AFib and the Mature Driver Course Discount
New Mexico law requires carriers to offer a mature driver course discount to drivers aged 55 and older who complete an approved defensive driving program. The discount ranges from 5–10% depending on the carrier and applies for three years from course completion. An AFib diagnosis does not disqualify you from the discount, but some carriers apply the medical surcharge and the mature driver discount simultaneously, which reduces the net benefit.
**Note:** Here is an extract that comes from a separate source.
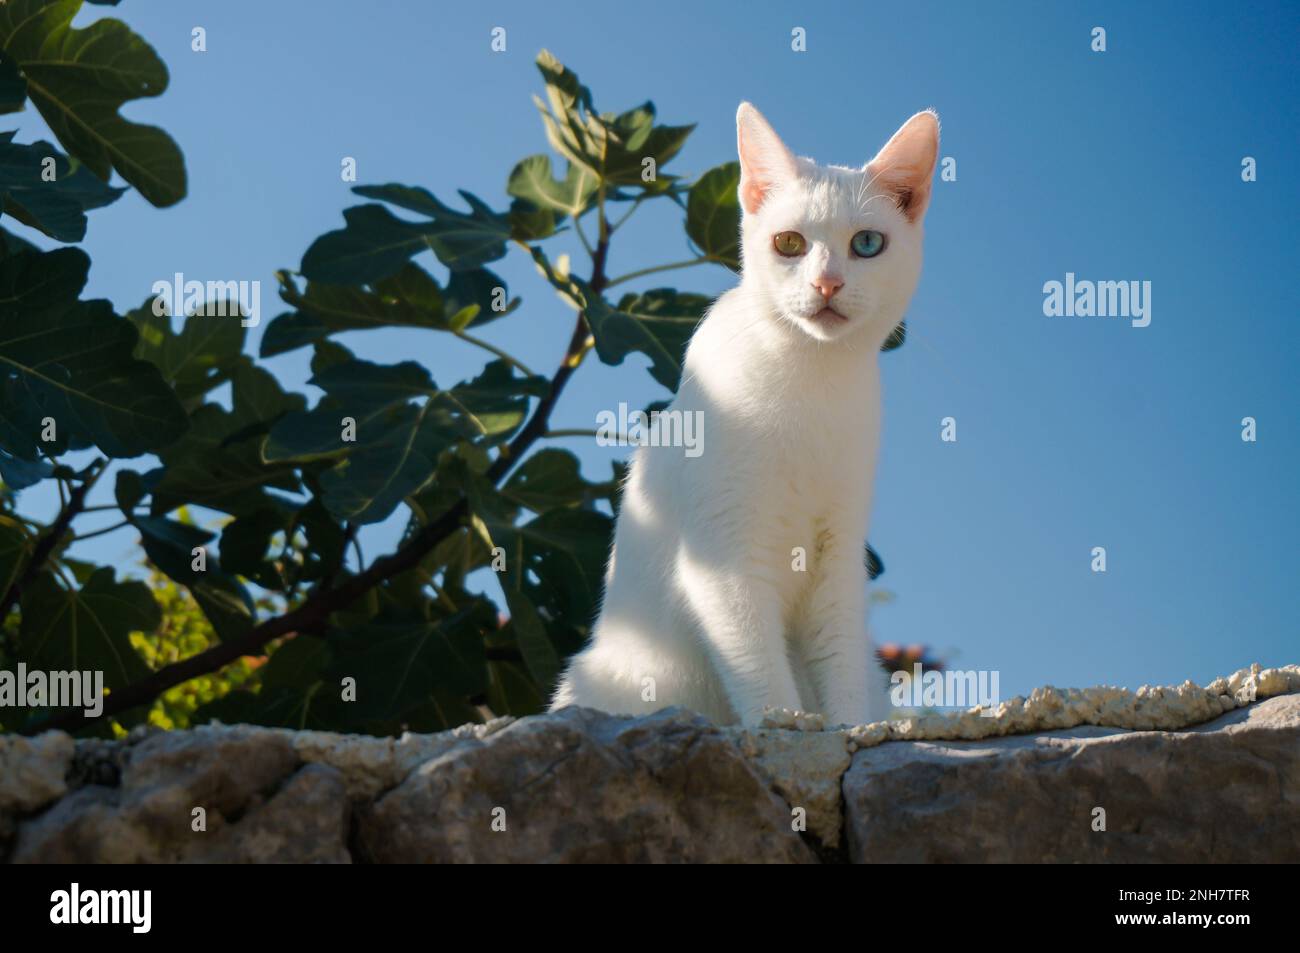 Weiße Katze mit einem grünen Auge und einem blauen Auge sitzt an einer Wand. Blauer Himmel und Blätter im Hintergrund. Katze mit ungewöhnlicher Augenfarbe. Stockfoto

If you already hold the mature driver discount and then disclose an AFib diagnosis at renewal, the discount remains in effect. State Farm, Allstate, and Farmers honor the discount regardless of medical conditions as long as your license remains valid and unrestricted. Progressive and GEICO occasionally remove eligibility if you have a medical-related license restriction, but New Mexico rarely imposes restrictions for controlled AFib, so this scenario is uncommon unless you have additional conditions.
Retaking the mature driver course after an AFib diagnosis can provide negotiating leverage during your rate review. Completion demonstrates proactive risk management and may persuade your underwriter to apply a smaller medical surcharge or approve earlier removal of the increase. The course costs $20–$30 through AARP or AAA and takes 4–6 hours online or in-person. If your carrier is applying a 25% AFib surcharge and you can reduce that to 15% by combining updated medical clearance with course completion, the $25 course fee pays for itself in one month.